[[ Data provided, beginning ]]

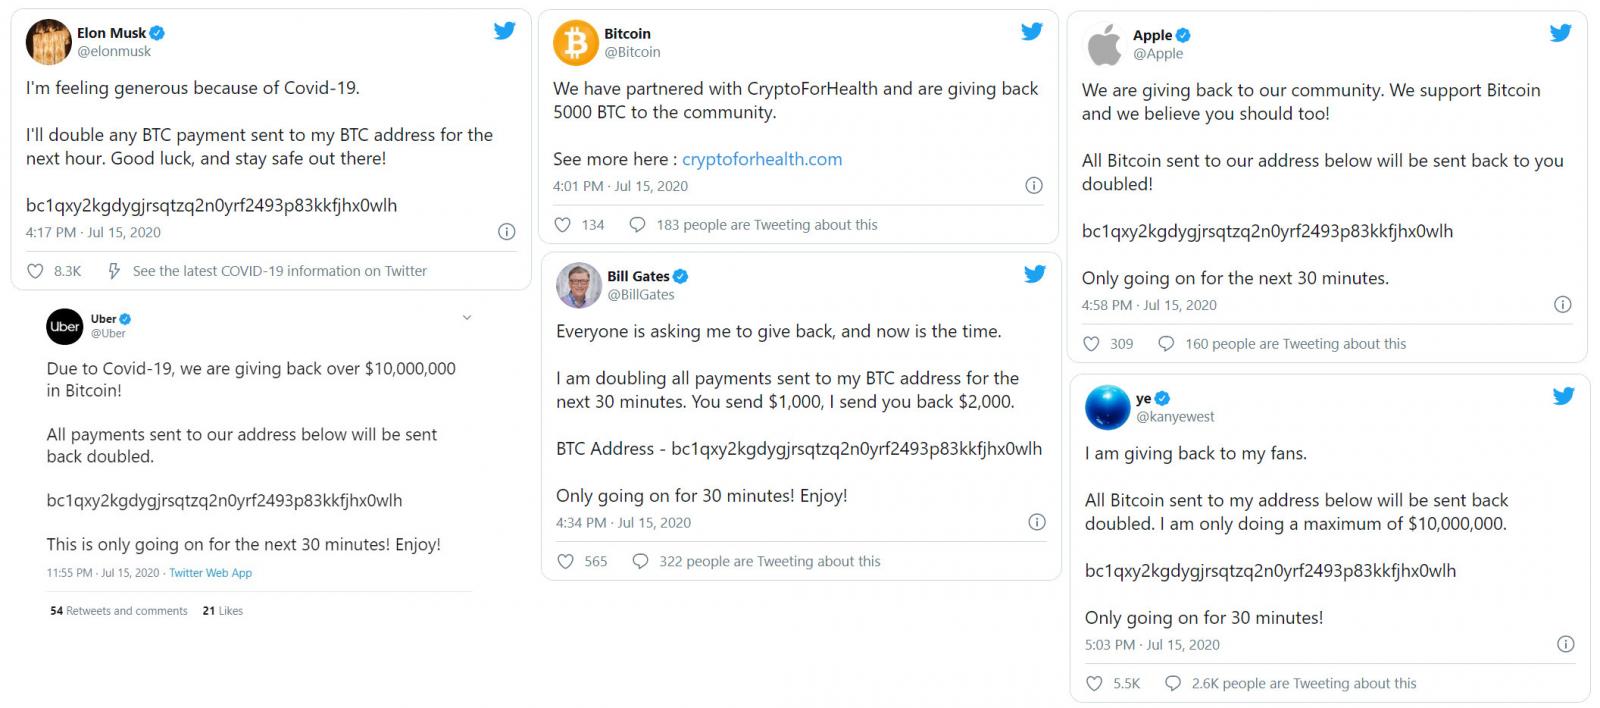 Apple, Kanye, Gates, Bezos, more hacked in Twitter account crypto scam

[[ Data provided, end ]]
[[ Data provided, beginning ]]

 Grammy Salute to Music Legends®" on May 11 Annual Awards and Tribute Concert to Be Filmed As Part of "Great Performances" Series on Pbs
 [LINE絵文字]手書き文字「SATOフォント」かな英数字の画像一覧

[[ Data provided, end ]]

[What is expected] Quote the listing above, but only from the line that shows "Grammy Salute to" through the line that shows "[LINE絵文字]手書き文字「SATOフォント」かな英数字の画像一覧".

[Answer for the task]
 Grammy Salute to Music Legends®" on May 11 Annual Awards and Tribute Concert to Be Filmed As Part of "Great Performances" Series on Pbs
 [LINE絵文字]手書き文字「SATOフォント」かな英数字の画像一覧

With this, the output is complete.